- PROMPT
Reproduce the listing below exactly. Pictures do not belong in the copy.

- DATASET EXTRACT

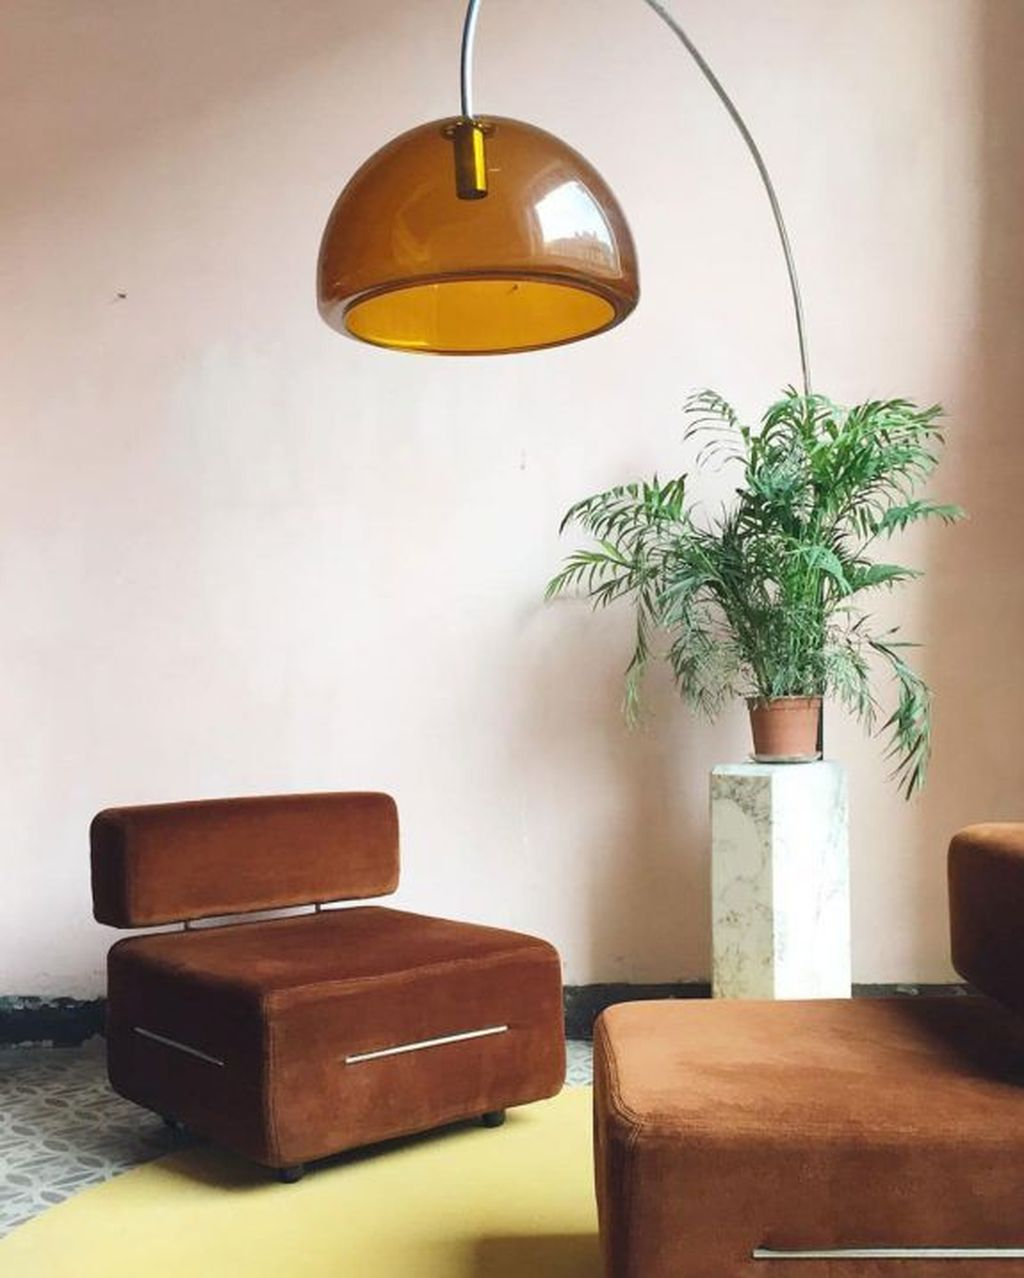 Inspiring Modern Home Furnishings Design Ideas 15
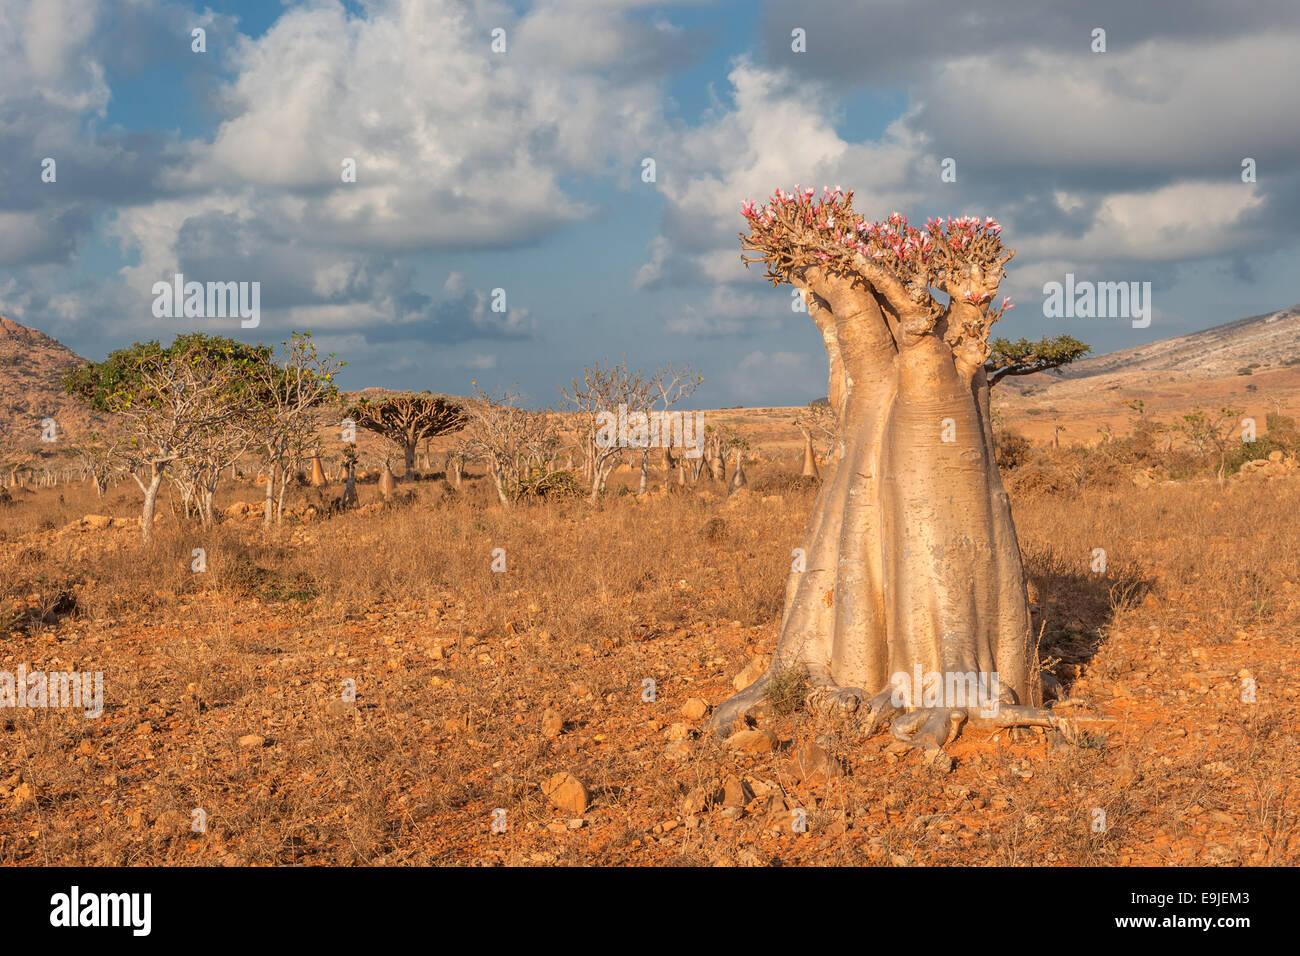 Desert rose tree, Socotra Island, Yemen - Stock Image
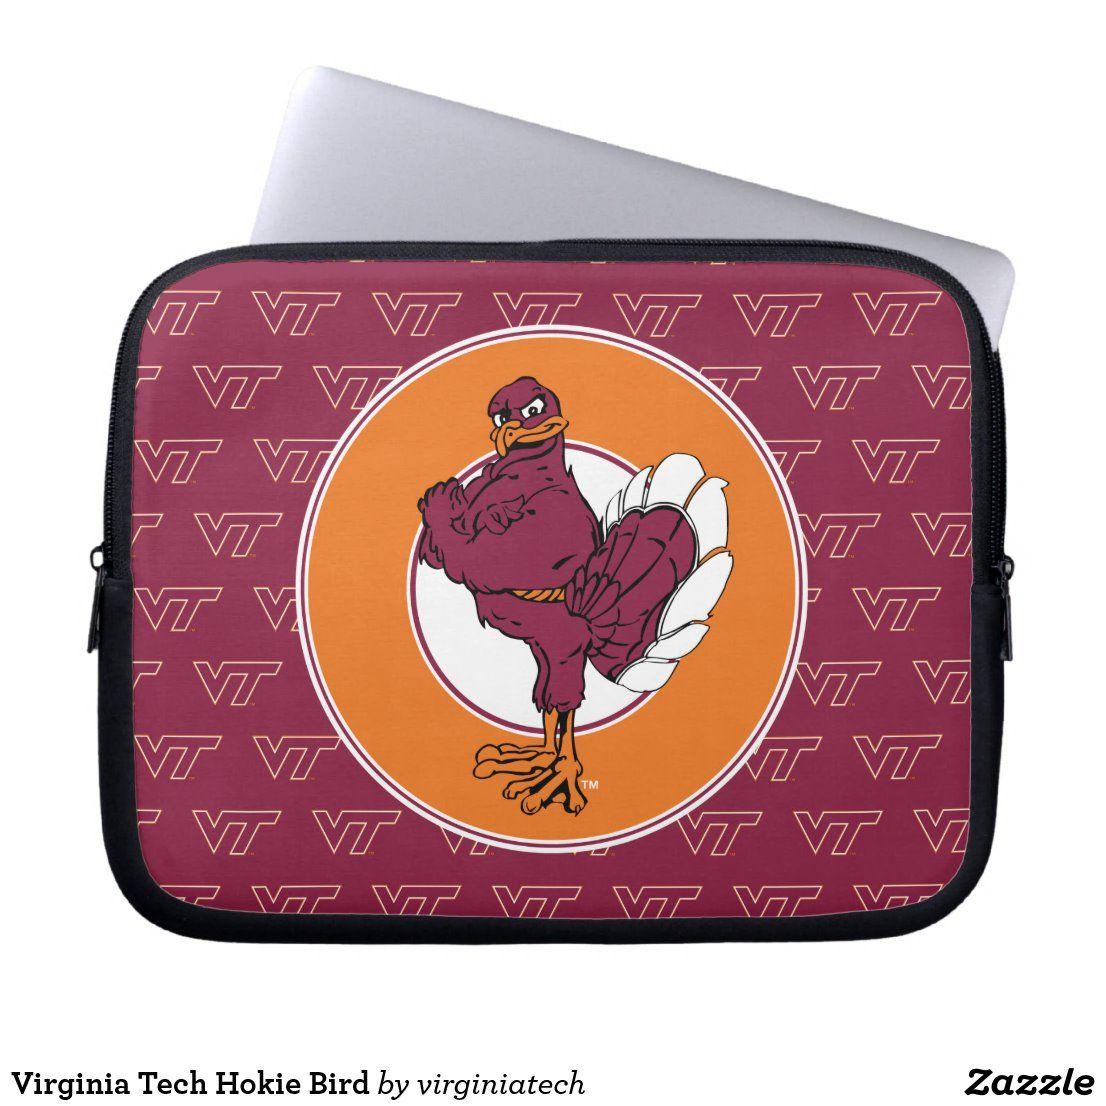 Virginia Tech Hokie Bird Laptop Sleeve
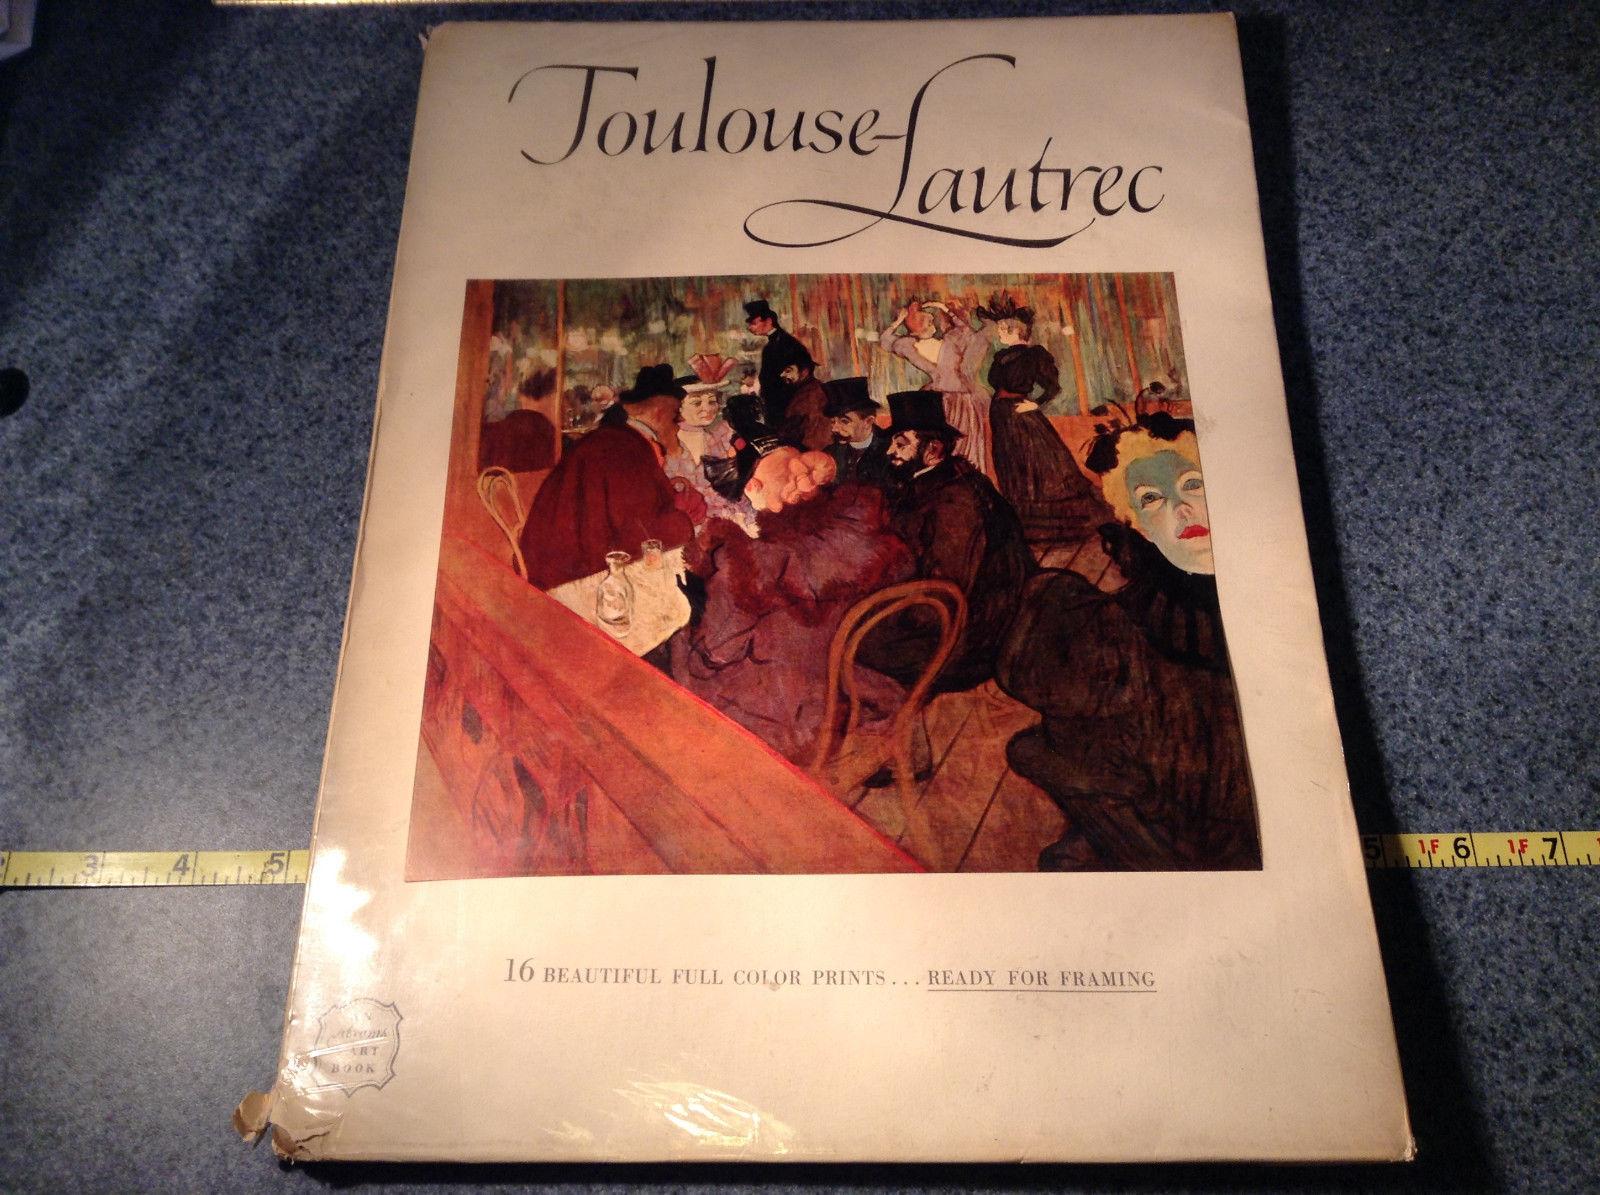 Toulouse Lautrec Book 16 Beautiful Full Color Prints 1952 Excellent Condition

- RESULT OF THIS TASK
 Inspiring Modern Home Furnishings Design Ideas 15
 Desert rose tree, Socotra Island, Yemen - Stock Image
 Virginia Tech Hokie Bird Laptop Sleeve
 Toulouse Lautrec Book 16 Beautiful Full Color Prints 1952 Excellent Condition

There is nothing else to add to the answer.